Tips to Stop Overeating


Controlling and maintaining a healthy weight can be difficult. By taking steps to actively be aware of, and control, your eating habits you can more easily manage your weight to reach your goals.

Stay Full

There are many common reasons for overeating. One of them is that you simply allow yourself to get too hungry. Keeping yourself on a strict diet and limiting calories can result in hunger and be nearly impossible to keep up long term. If you keep yourself deprived of adequate food, you're likely to cave in and binge sooner or later.

The best way to eat right for weight loss is to eat more often and eat enough to keep yourself full. Choose the types of foods that you eat carefully.
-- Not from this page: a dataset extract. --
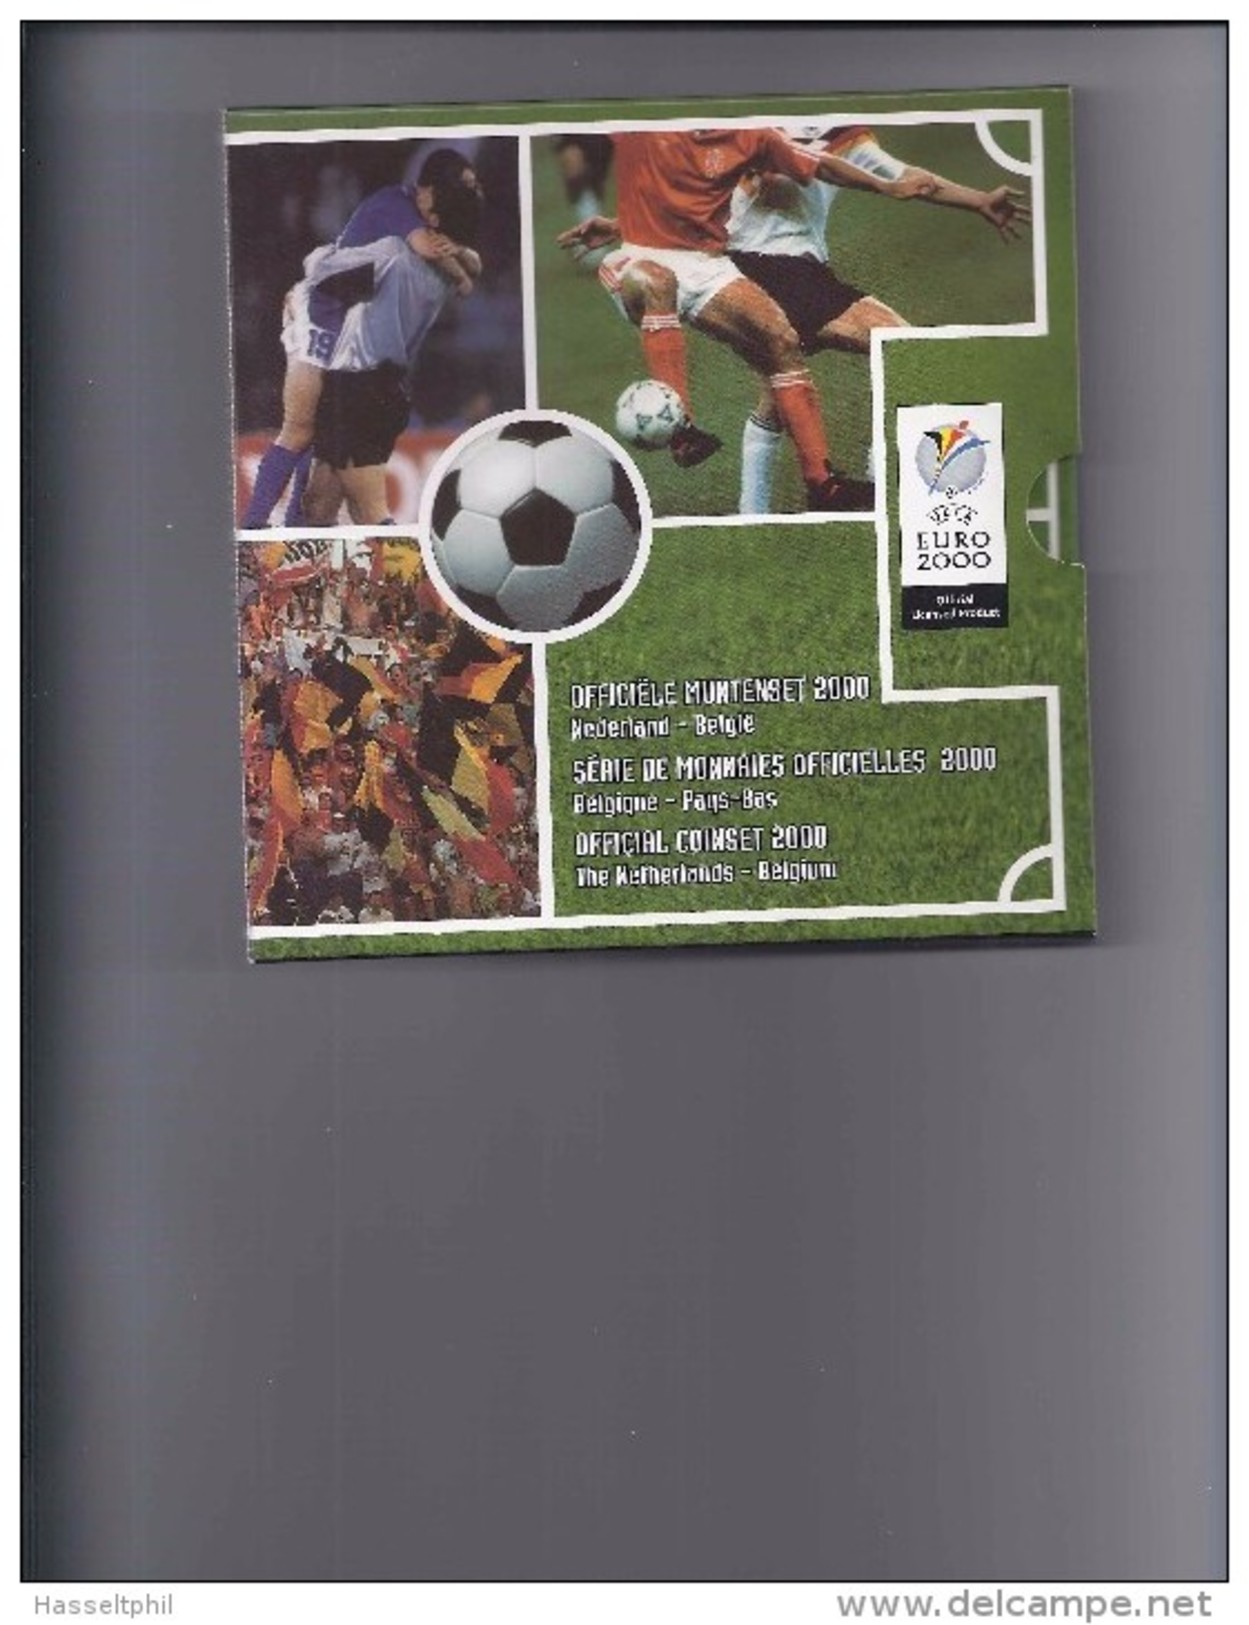 BELGIE -BELGIQUE Officiële Muntenset 2000 Nederland - België  Uefa Euro 2000 - 50 Francs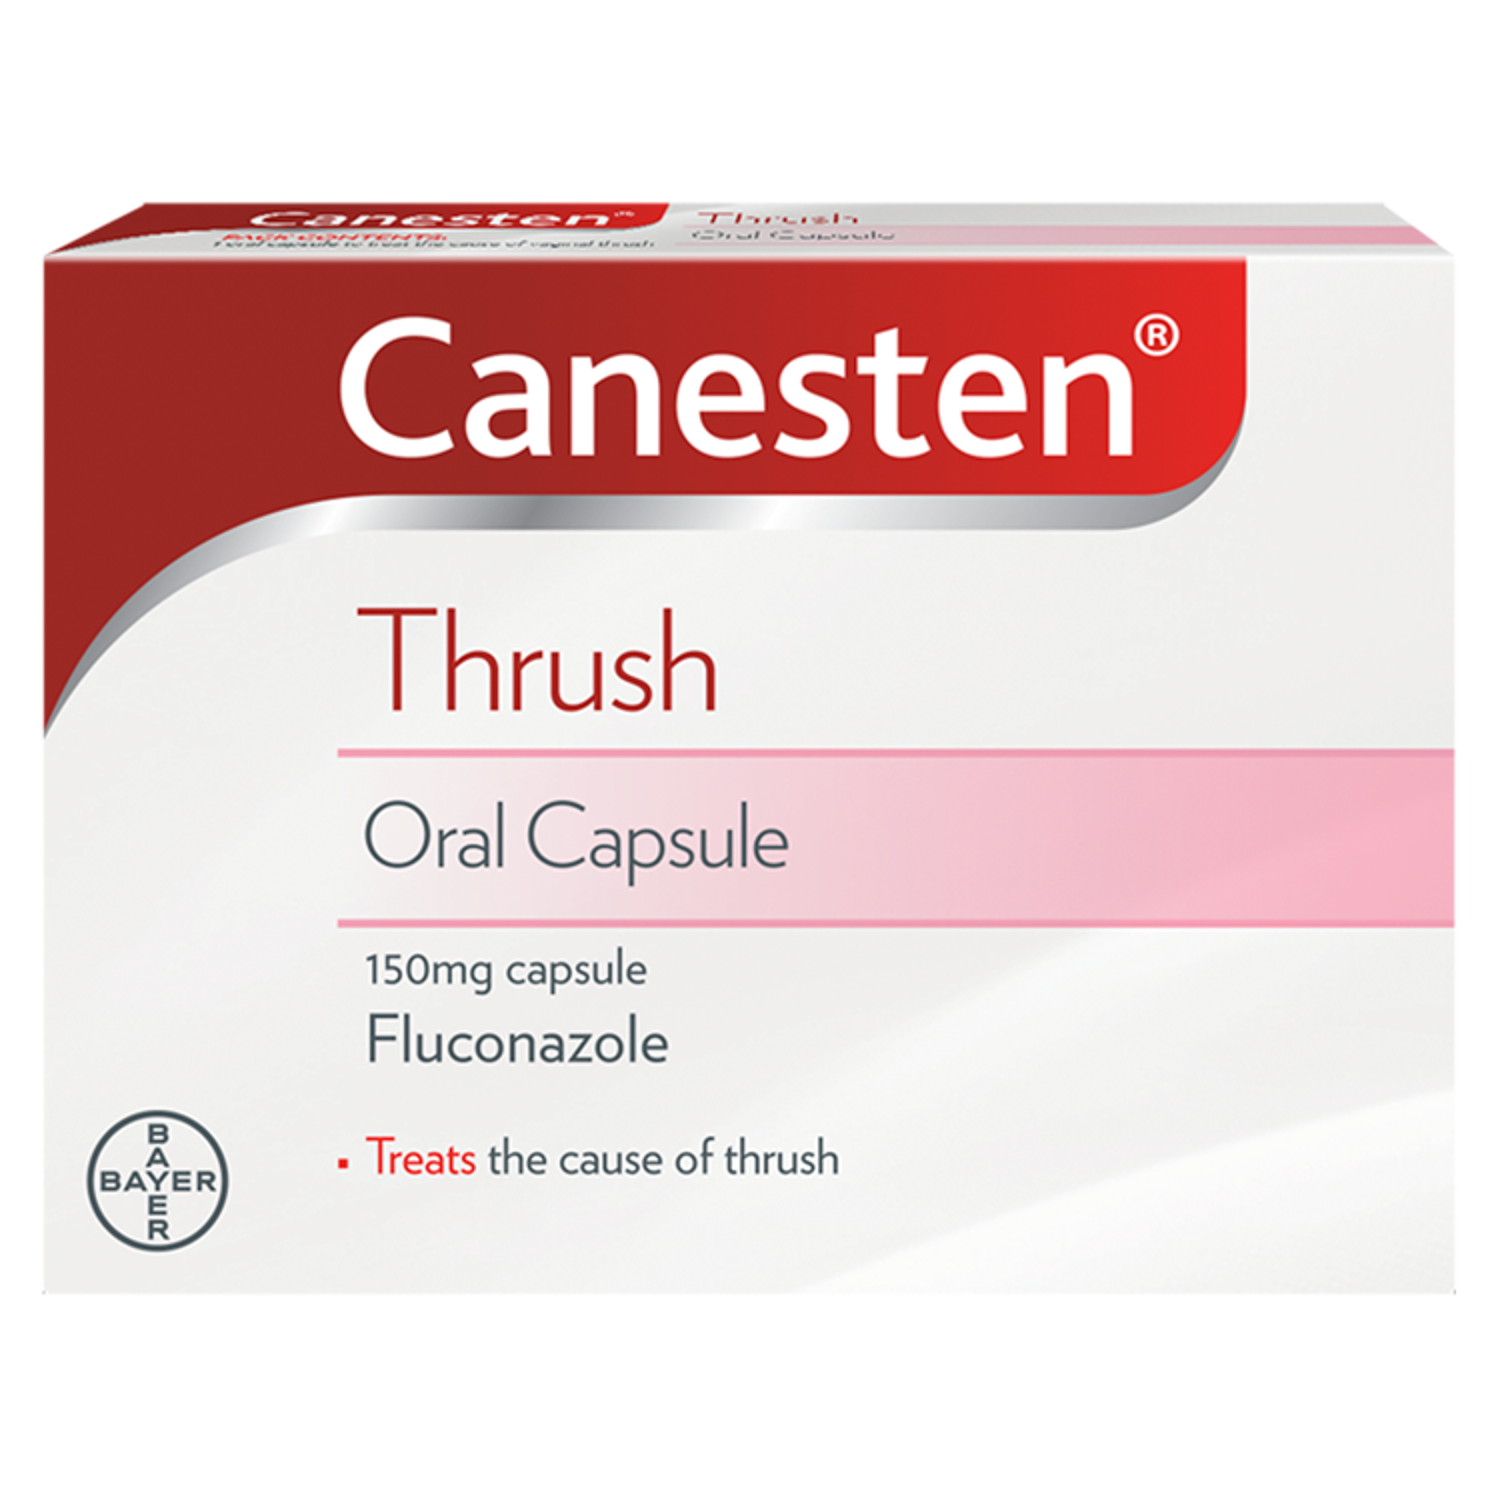 Canesten Thrush Oral Capsule (1)

A good balance of protein and healthy fat will keep you feeling satiated much longer, preventing you from binging and eating empty calories later. Try to keep carbs and sugar to a minimum.

If you're on the go and don't have a lot of time, try a meal replacement shake that is high in protein. This protein powder is perfect for keeping you energized and satisfied so you're not tempted to snack between meals too much.

Measure Portions

Another common reason that a lot of people tend to overeat without realizing it is they are not measuring out their portions. You need to be aware of how much you're eating. Familiarize yourself with portion sizes and stick to them.

You can make this easier by planning out your meals in advance. Do some meal prep so you can just grab your lunch and go to prevent you from being forced to use fast food options.

Be Mindful of What You're Eating

Sometimes people simply don't pay attention to what they're putting in their bodies. It's entirely too easy to eat out of boredom or when you're distracted watching TV, so you aren't even aware of how much you're consuming.

Try to pay attention and only eat when you're actually hungry. Slow down and enjoy your food and chew slowly. Track your meals, including the number of calories in the foods you eat.

Avoid Triggers

Food is often used as comfort for highly emotional situations or even as a reward for success. If you find that you are reaching for high calorie snacks and meals when you're upset, angry, or sad then you should make an effort to avoid these triggers or find healthier ways to deal with these emotions.

Instead of eating too much when you're stressed out, anxious, or excited about something, do something else instead. Call a friend and catch up. Go for a walk alone or with someone else. Do some kind of physical activity or otherwise distract yourself so you don't use food as comfort.

A self care practice is a good way to start. Pamper yourself with a relaxing bath or scalp massage. Focus on caring for your body instead of filling up with food you don't really want.

You may want to consider journaling to track your feelings and find patterns so you can more easily avoid your triggers in the future. If you notice that certain situations are usually problematic for you, such as going out for drinks after work and therefore eating too many appetizers, try suggesting healthier alternatives. You don't have to limit your socializing, just plan better and arrange to meet at a friend's house or go for a picnic. That way you can better control the types of food available and opt for healthy options.

If you just take some time to pay attention to your daily routine, you're likely to quickly notice some unhealthy patterns that you didn't even realize were happening. If you are more mindful of what you are eating, how much, and why, you can soon figure out alternative ways to go about your day so you can approach eating in a more healthy manner.